Abstract

Aortic valvuloplasty procedures have been limited principally by the occurrence of restenosis in this patient population. Once a decision has been made to proceed with aortic valvuloplasty, one of the next major concerns is management of the femoral artery puncture. For these procedures, 12Fr and 14Fr sheath introducers and prolonged compression with clamps or hemostatic devices have been necessary. Prolonged immobilization is painful for the elderly population in whom aortic valvuloplasty is used. The ability to use percutaneous suture closure to eliminate the need for manual compression, especially for clamp or hemostatic devices, has greatly improved patient tolerance for these procedures.

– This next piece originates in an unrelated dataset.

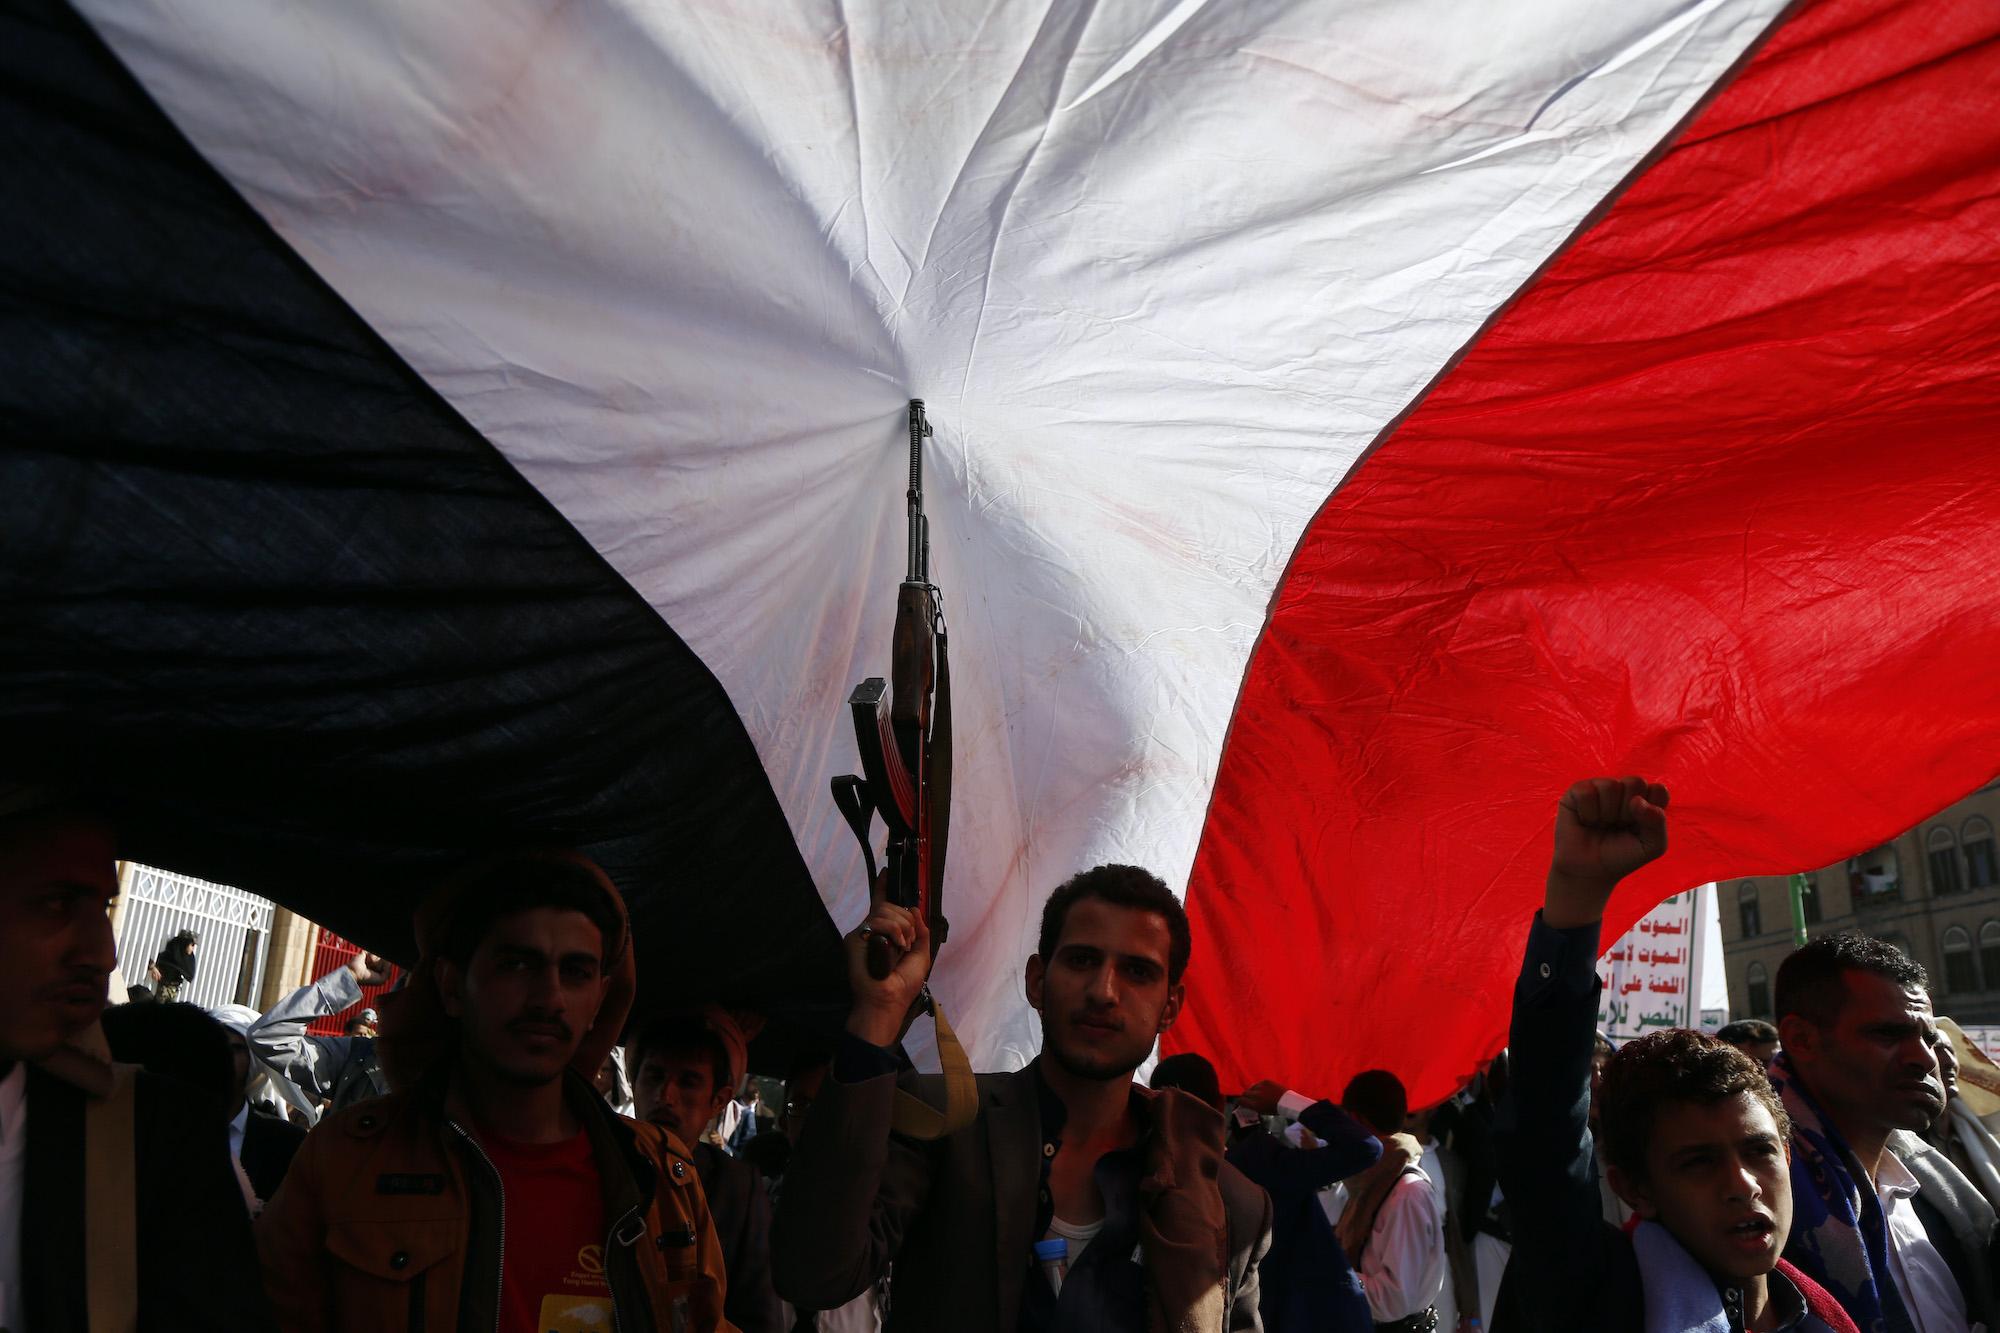 إسرائيل اليمن

A technique for preloading the suture closure device prior to insertion of a large bore sheath is the technique of choice to make this possible. Mitral valvuloplasty has faced fewer limitations and of course yields results equivalent to surgical commissurotomy in randomized trials. Improved management of the 14Fr femoral venous site has made outpatient treatment simpler. The technical approach necessary for success in the venous system uses contrast injections through the Perclose device marker port to insure that the device is properly positioned prior to deployment of the sutures. More rapid immobilization and simplified postprocedural management can be achieved using percutaneous suture closure for large caliber sheaths after mitral and aortic valvuloplasty.